Exercise prompt: What you return should be the complete data below, word for word, with no pictures in it.

Material provided:

☆ ☆ ☆ ☆ ☆

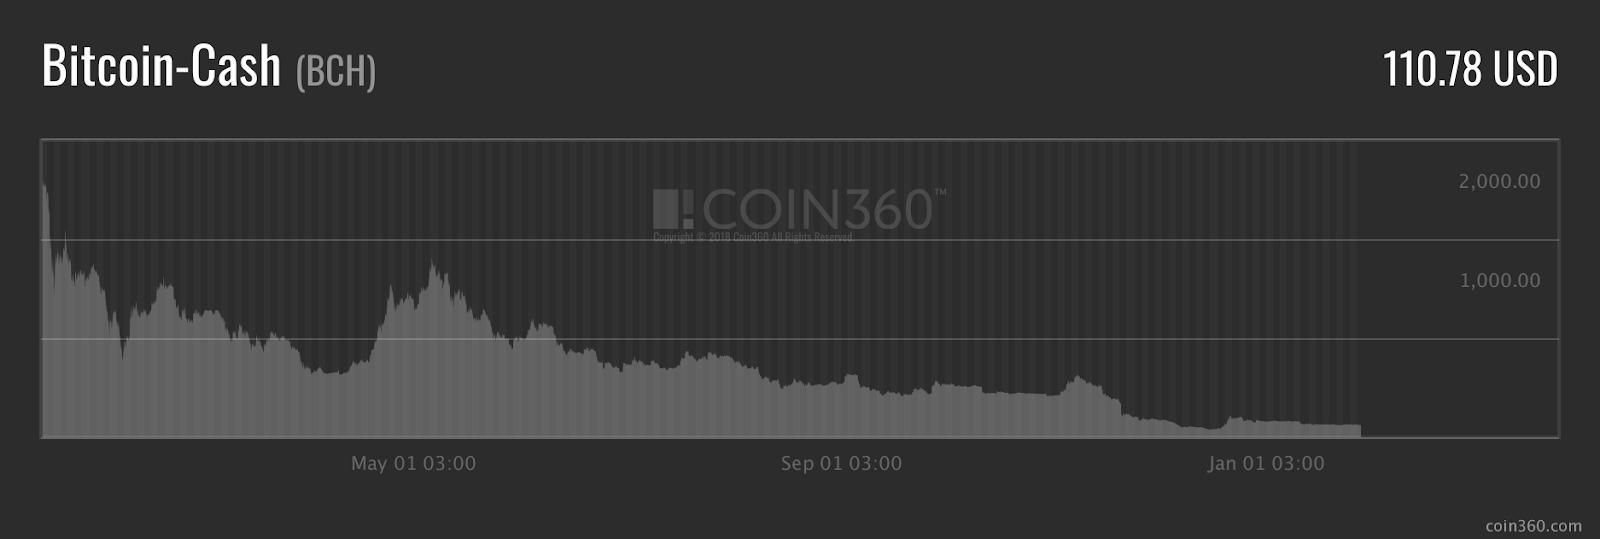 Bitcoin Cash (BCH) Price Graph
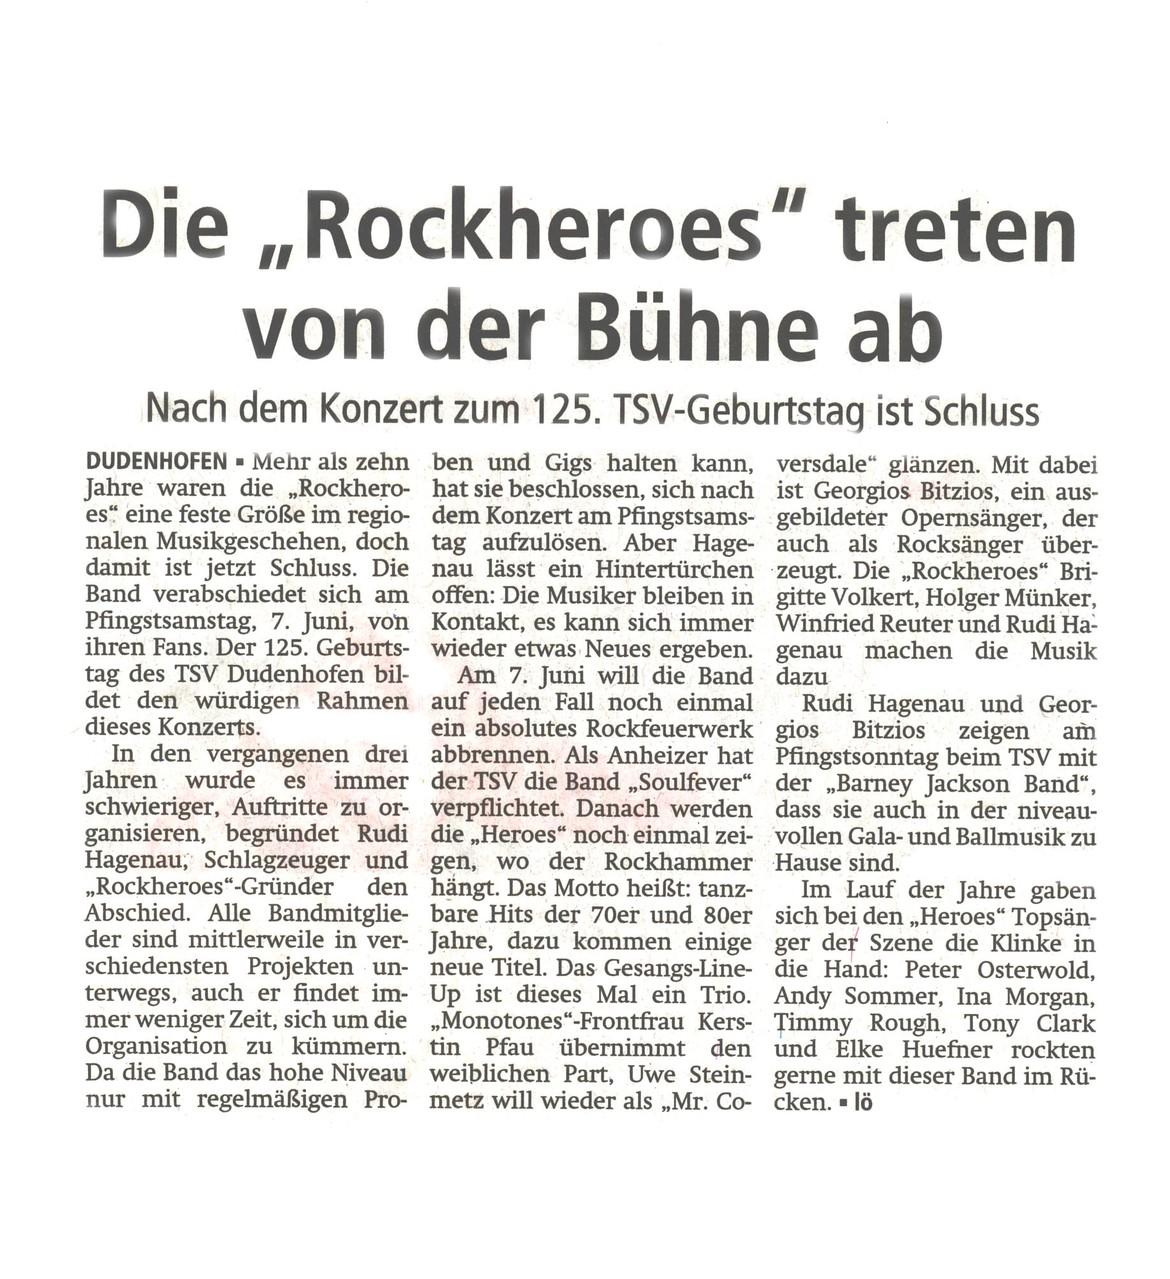 Offenbach Post, 26. Mai 2014
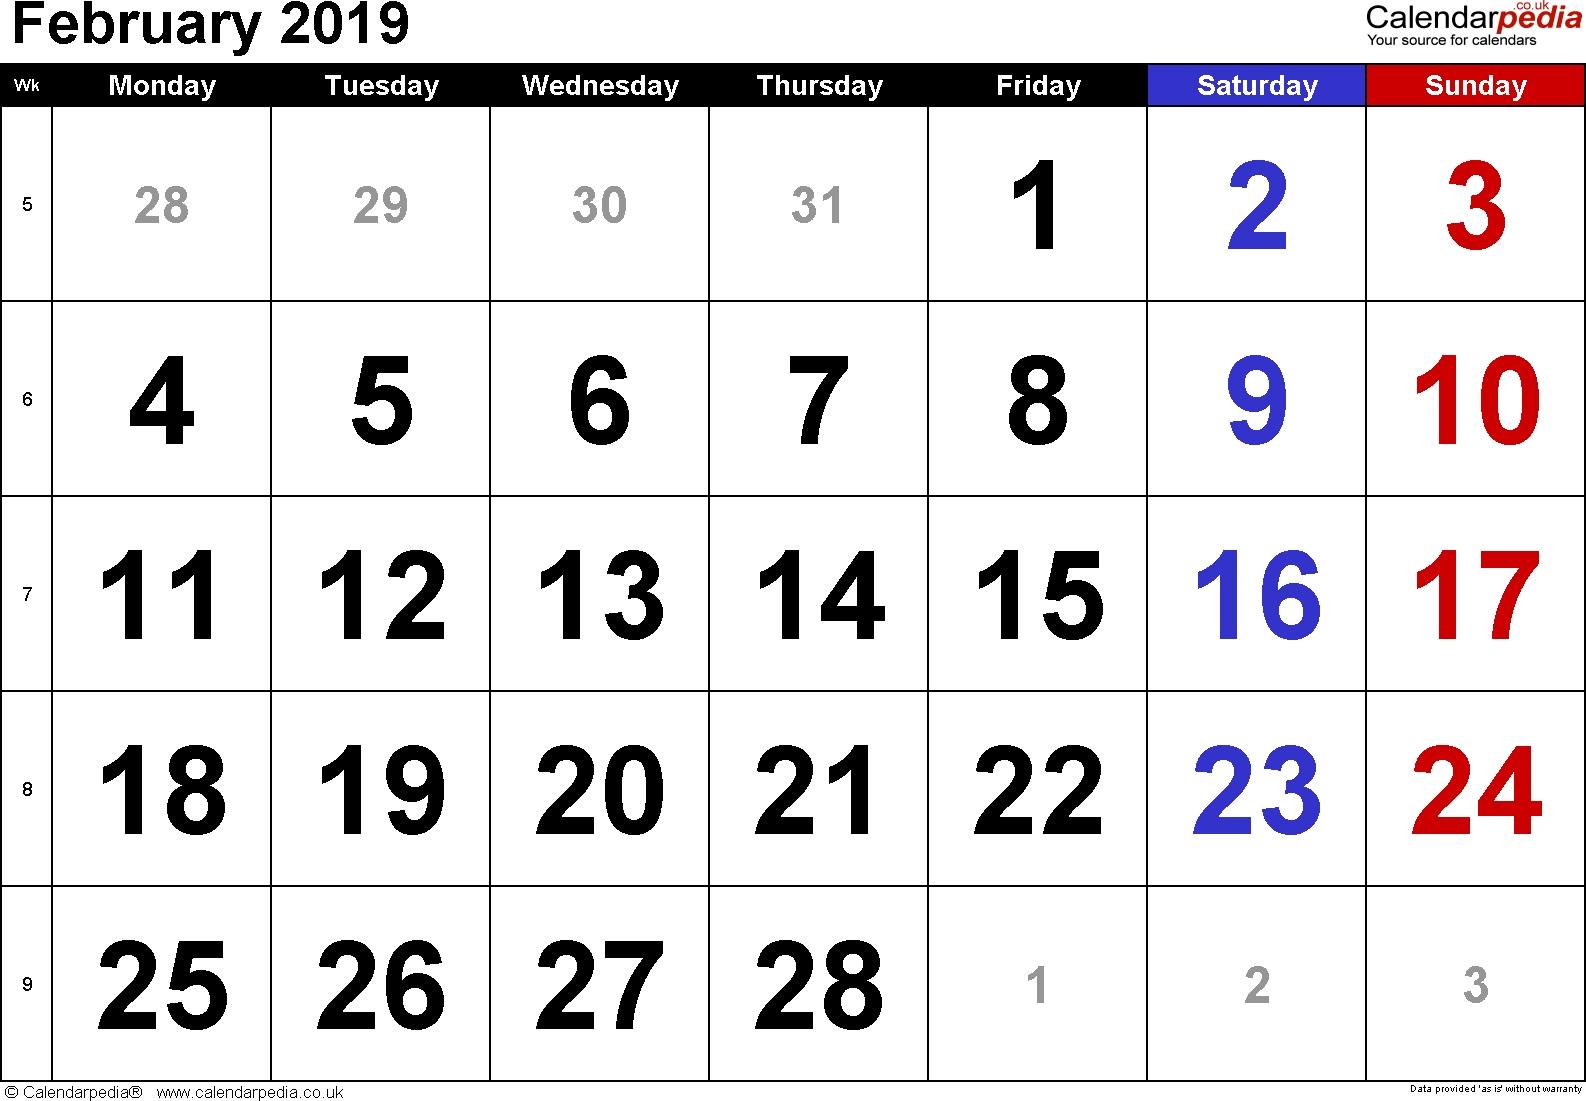 Calendar February 2019 Uk, Bank Holidays, Excel/pdf/word Templates February 1 2019 Calendar

☆ ☆ ☆ ☆ ☆

Task solution:
 Bitcoin Cash (BCH) Price Graph
 Offenbach Post, 26. Mai 2014
 Calendar February 2019 Uk, Bank Holidays, Excel/pdf/word Templates February 1 2019 Calendar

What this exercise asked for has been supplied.